Страница 46 из 47
— Великолепная речь, господин Ротшильд. И правильная. Вы очень точно обрисовали нашу тактику и политику. Может, немного эмоционально, но верно до последнего слова. Славяне и немцы — вот вечная и неизгладимая угроза нам, международному еврейству. И ни у кого нет сомнения, что они ДОЛЖНЫ БЫТЬ УНИЧТОЖЕНЫ ДО ПОЛЕДНЕЙ ОСОБИ. Но КАК нам это сделать? У нас остался только один шанс, последняя надежда — САСШ. Не будет ли вступление этой страны в войну такой же ошибкой, как и то, что мы сделали в Европе?
— ТАМ мы слишком следовали их ТРАДИЦИЯМ войны. Воевать нужно типично американскими методами: травить газом, распространять бактериологическую заразу, изготовлять отравленные продукты, растлевать нравственность и мораль.

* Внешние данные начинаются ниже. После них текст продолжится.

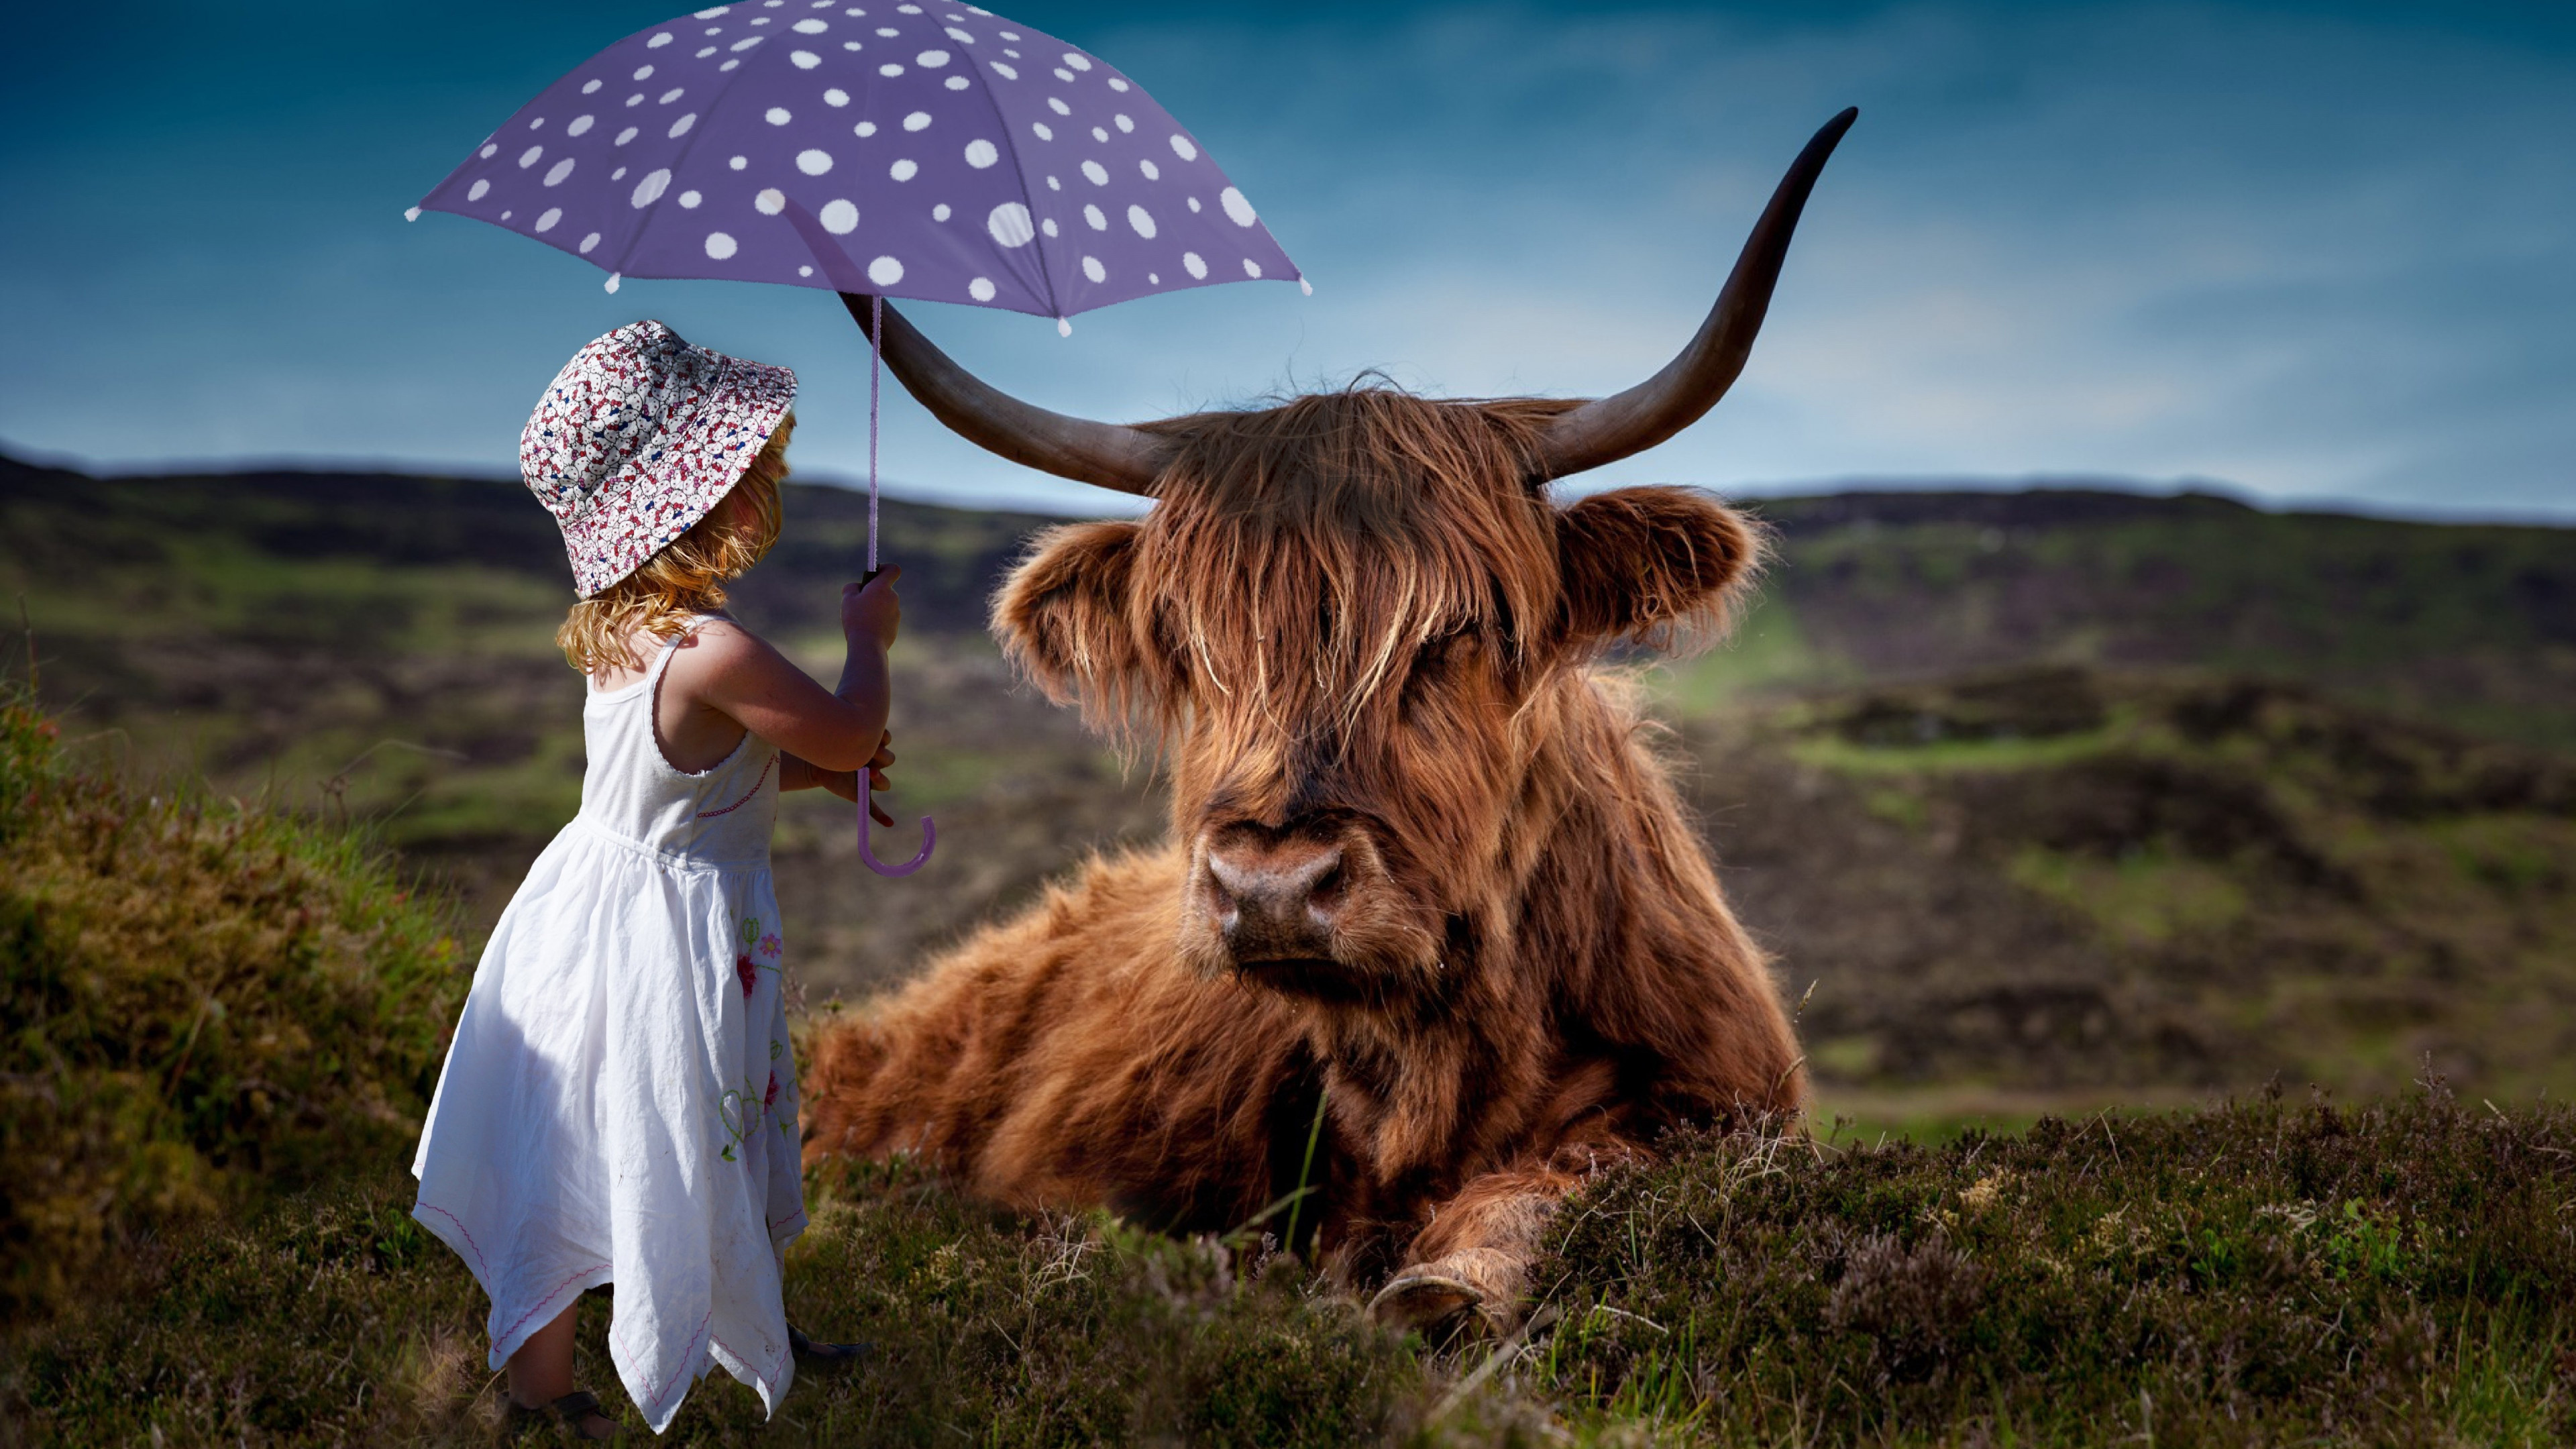 Child with the umbrella and the funny cow wallpaper 3840x2160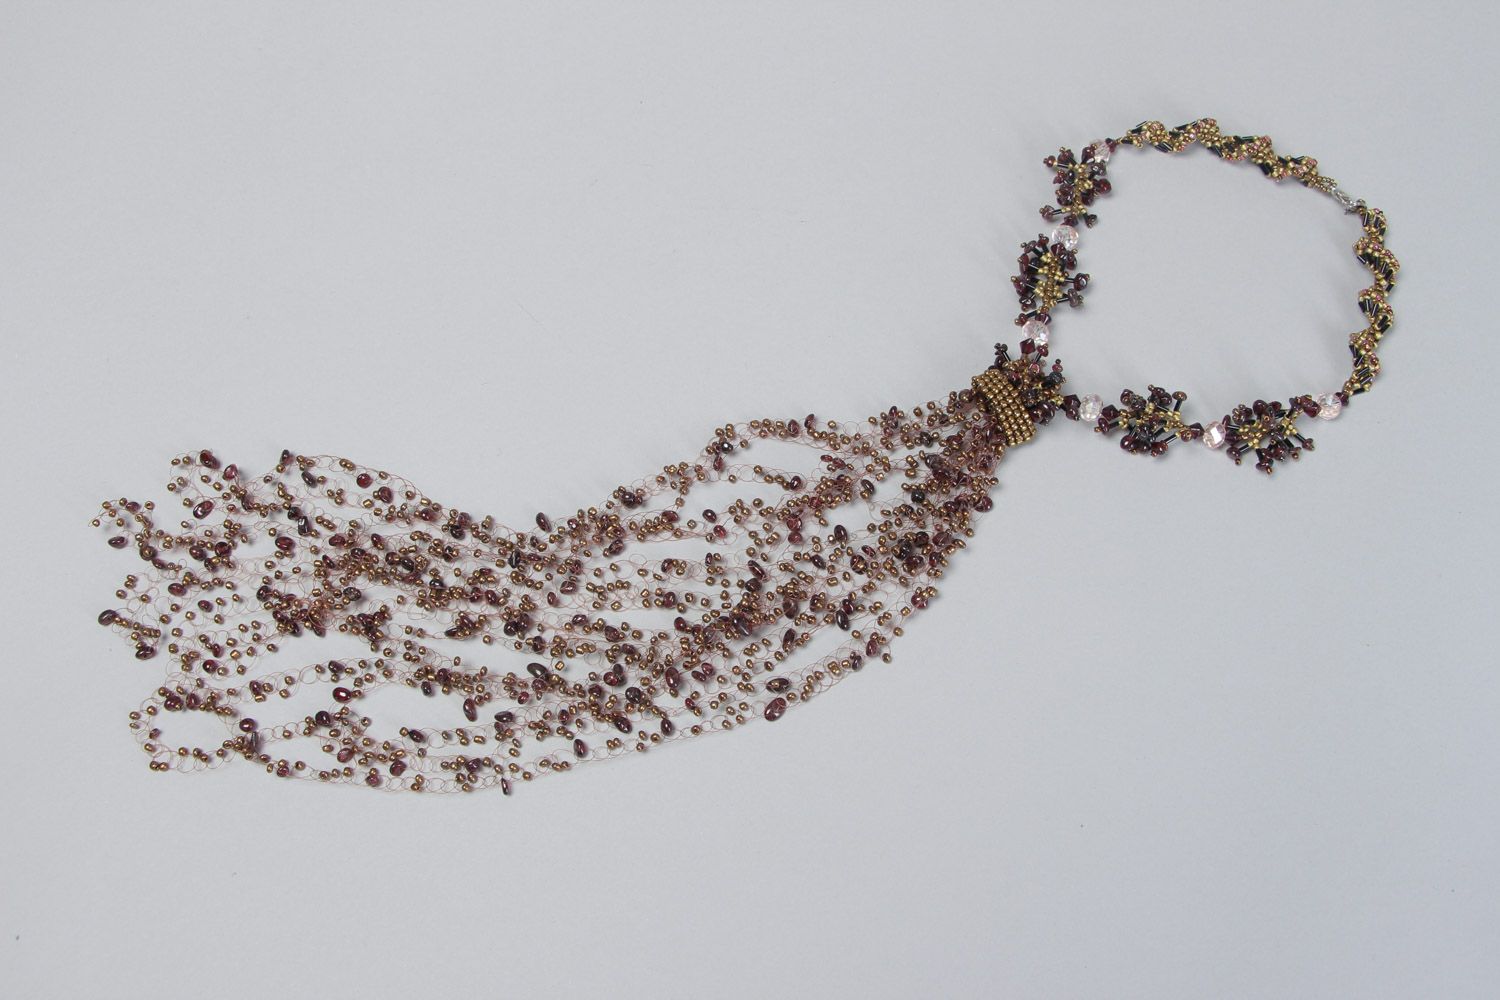 Handmade volume necklace woven of beads natural garnet stone and glass photo 2

Выбора у нас нет.
На некоторое время воцарилось молчание, затем кто-то из сидящих за столом произнёс:
— А как же быть с нашими соплеменниками?
— Все евреи, которые ХОТЯ БЫ ДЫШАЛИ ВОЗДУХОМ РОССИИ И ГЕРМАНИИ ДОЛЖНЫ БЫТЬ УНИЧТОЖЕНЫ! Поскольку их уже НЕВОЗМОЖНО будет вернуть на путь истины.
— Вы соображаете, ЧТО вы предлагаете?!
— НАШИ евреи — спасутся. И ещё раз продемонстрируют всем, что мы живучи. А ТЕ — они отравлены. Пусть…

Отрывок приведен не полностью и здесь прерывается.